## Supplied data:
■ ■ ■ ■ ■ ■ ■
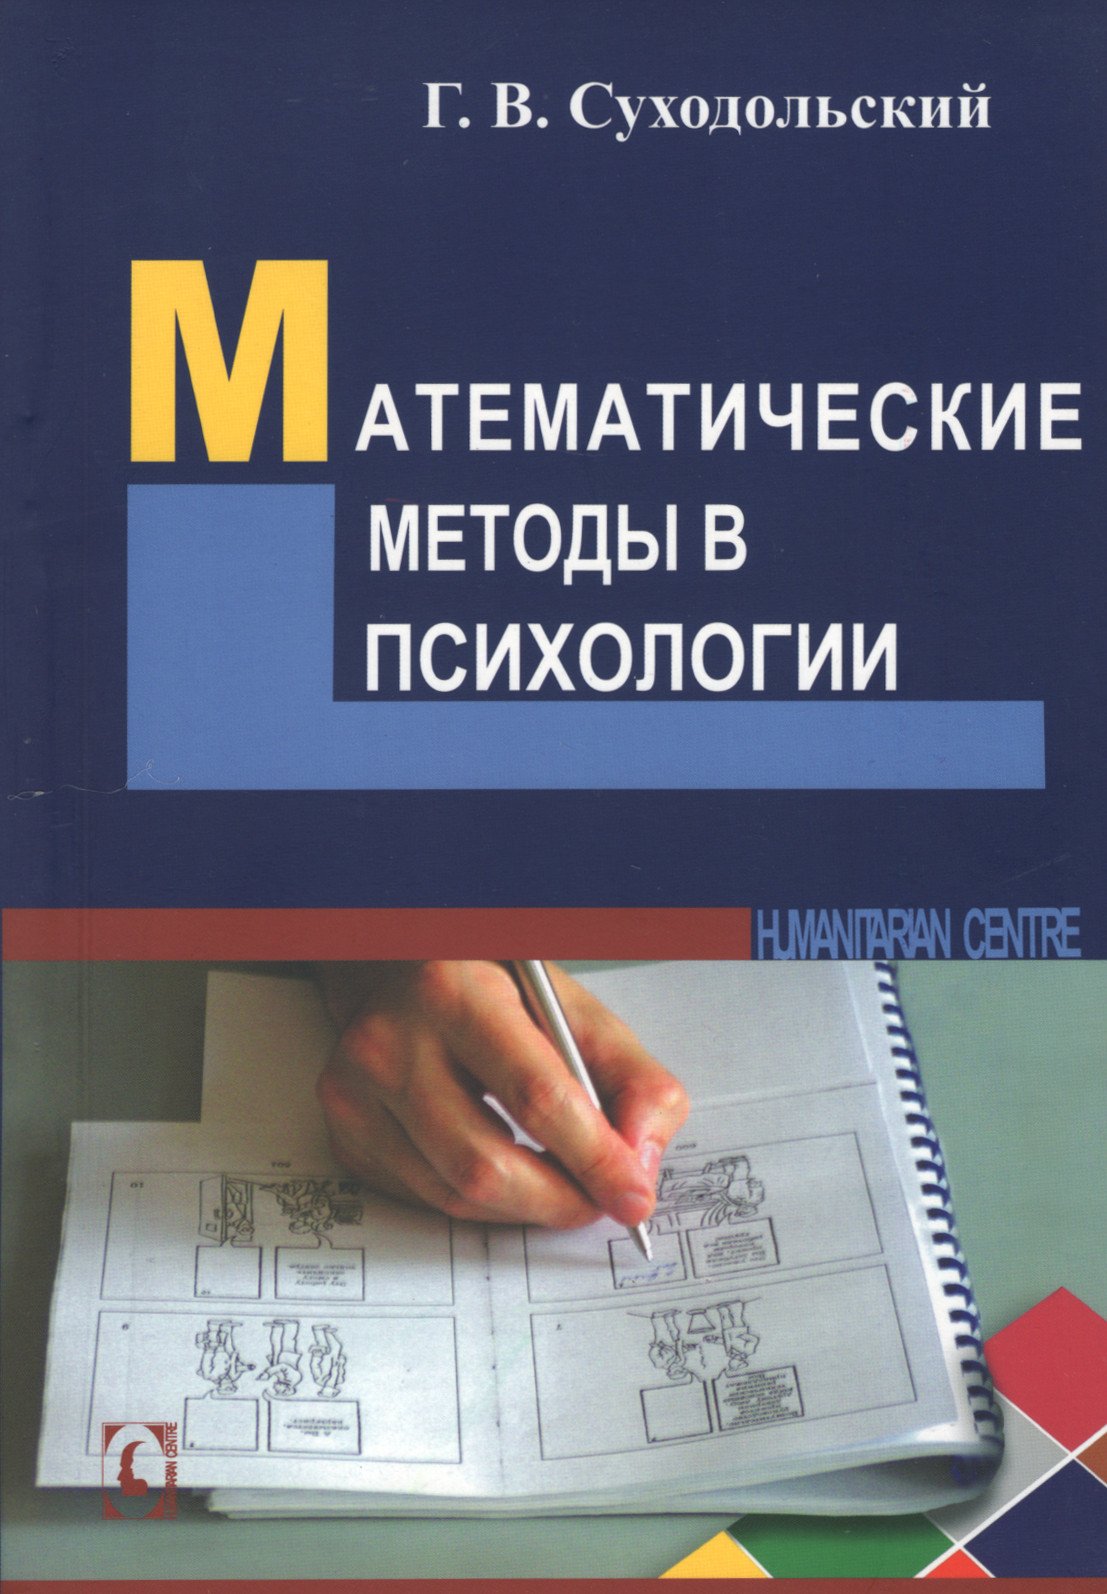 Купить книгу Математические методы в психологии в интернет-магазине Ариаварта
■ ■ ■ ■ ■ ■ ■
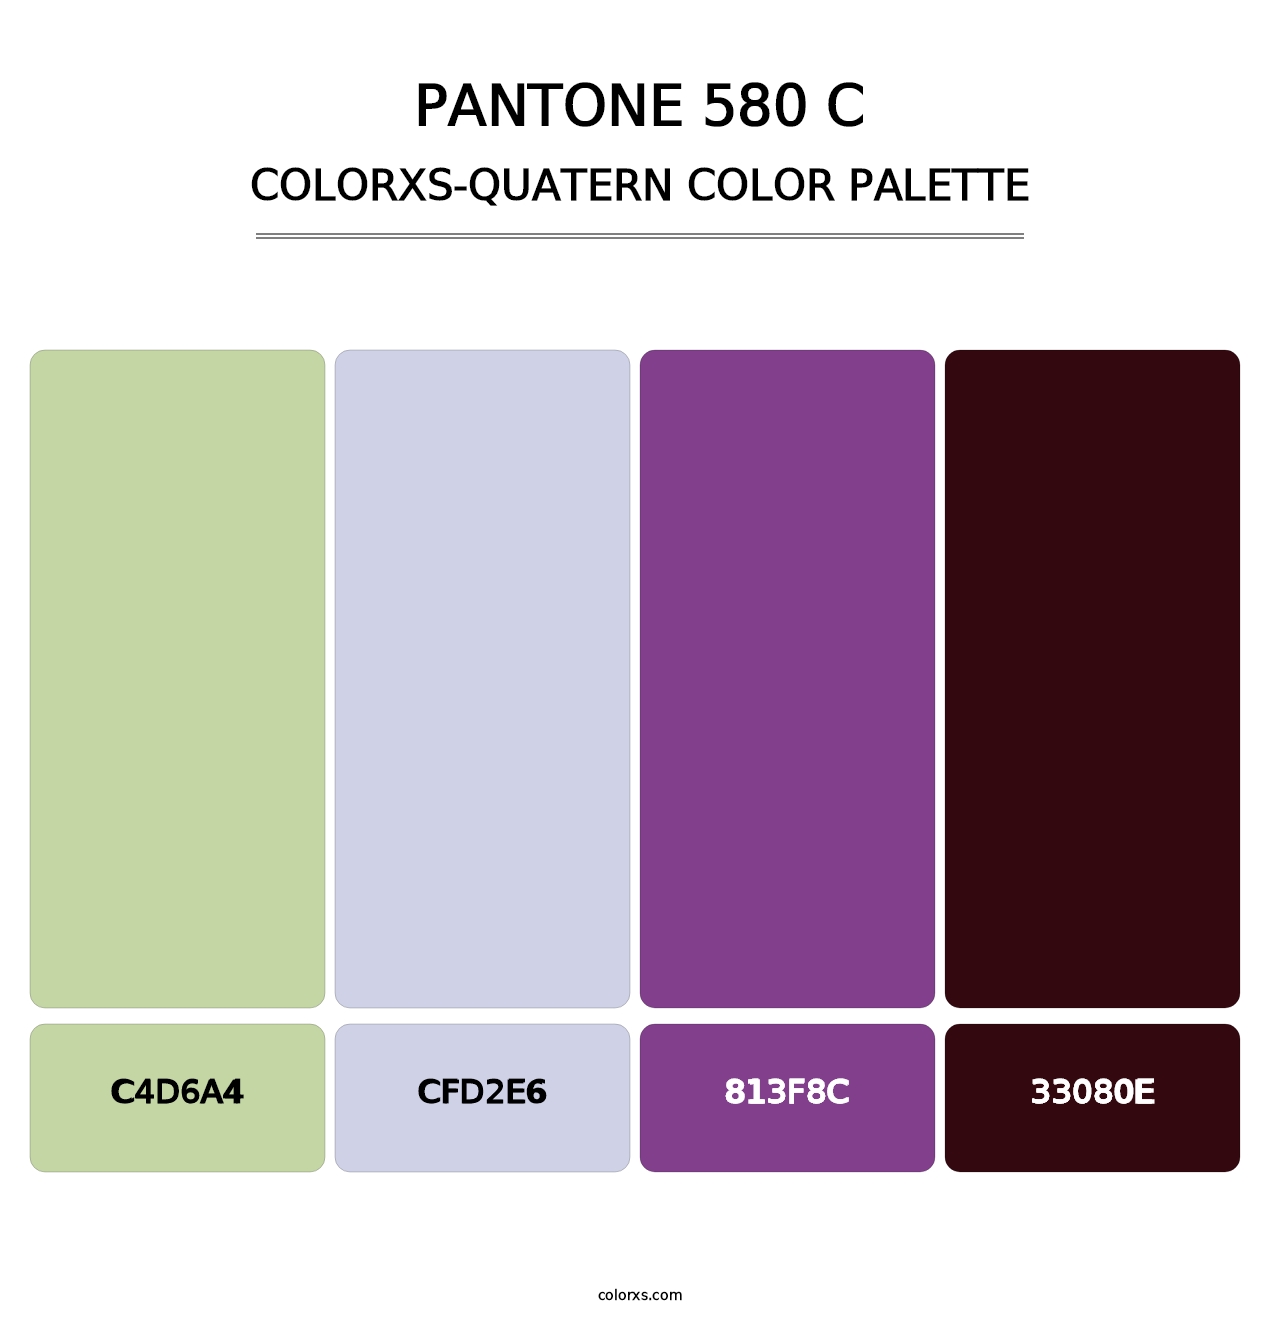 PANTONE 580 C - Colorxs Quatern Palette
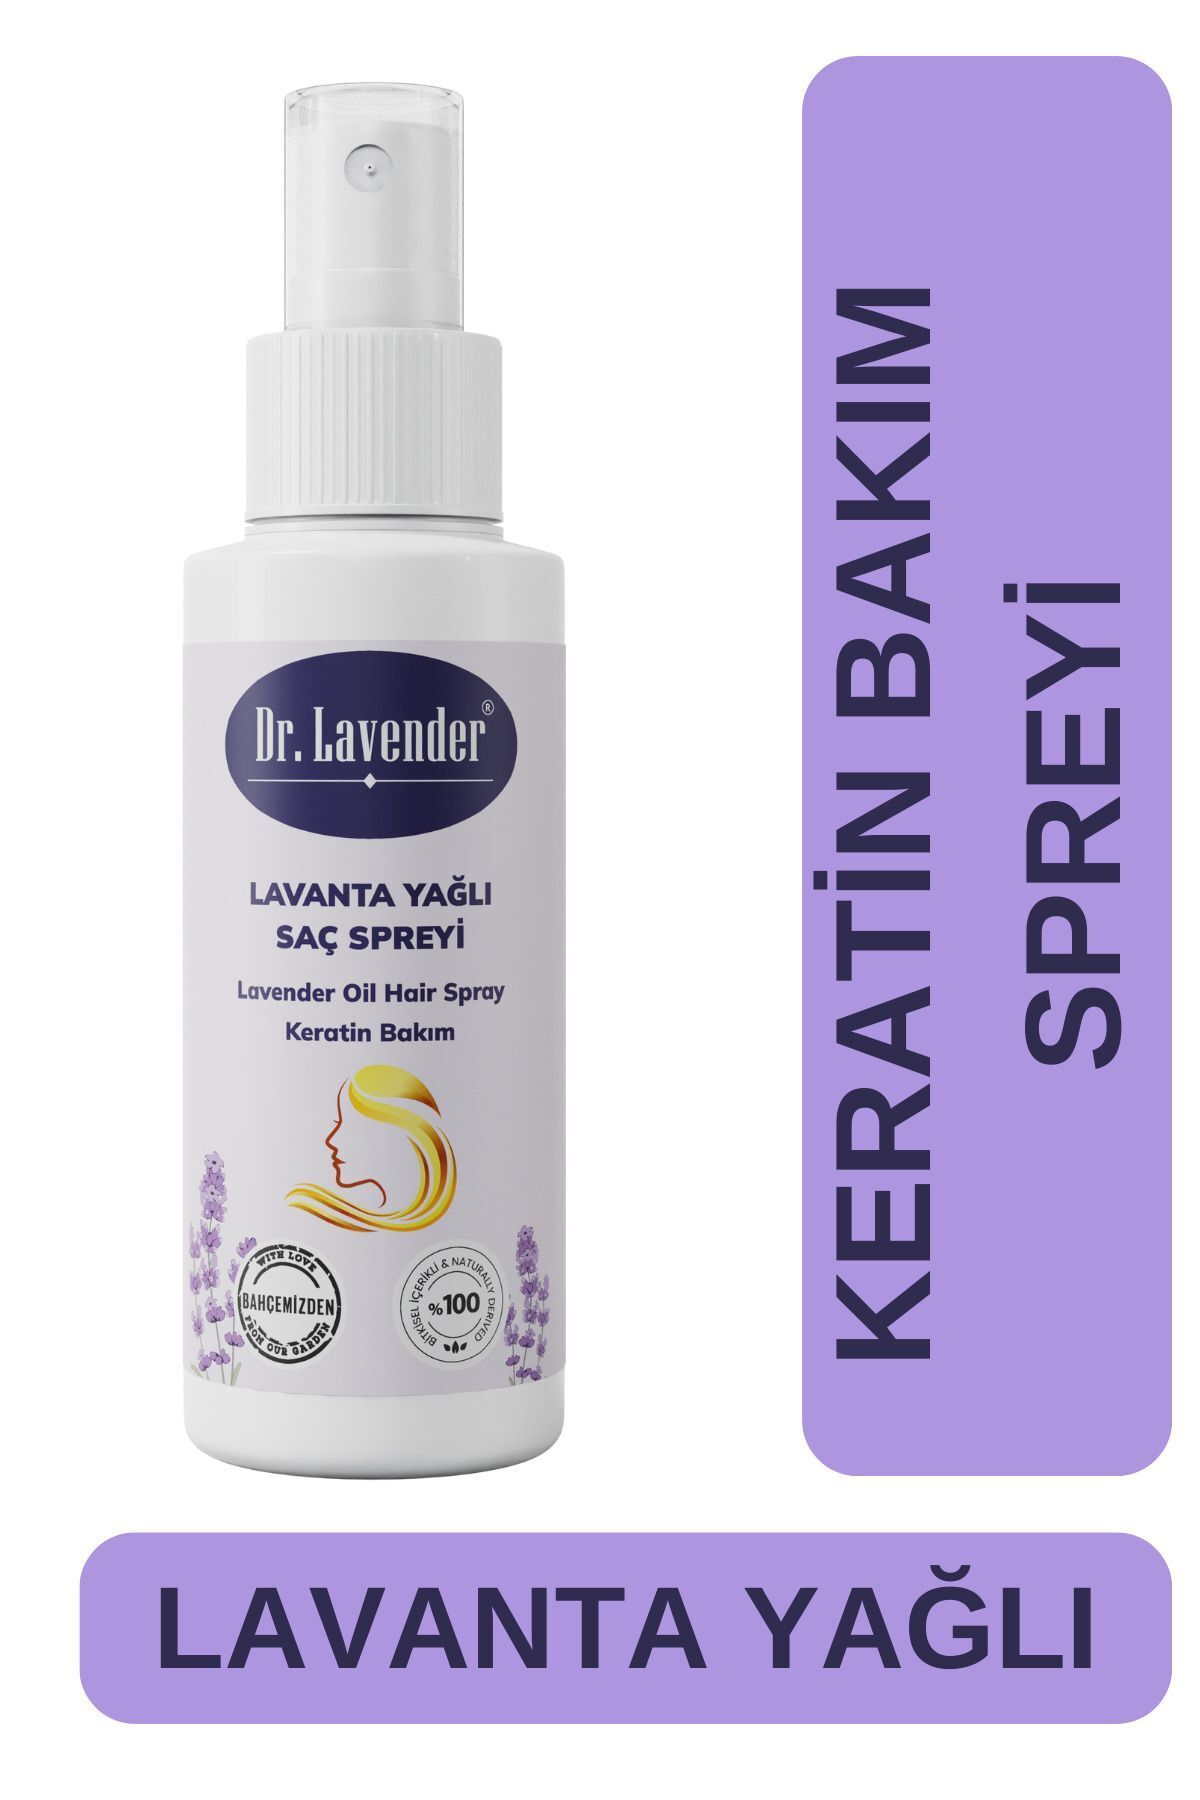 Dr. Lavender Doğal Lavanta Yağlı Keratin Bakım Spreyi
■ ■ ■ ■ ■ ■ ■
## Task requirements:
Using the entries above, repeat exactly the lines from the one with "PANTONE 580 C - Colorxs Quatern Palette" to the one with "Dr. Lavender Doğal", both included, and leave the pictures behind.

## Response box:
 PANTONE 580 C - Colorxs Quatern Palette
 Dr. Lavender Doğal Lavanta Yağlı Keratin Bakım Spreyi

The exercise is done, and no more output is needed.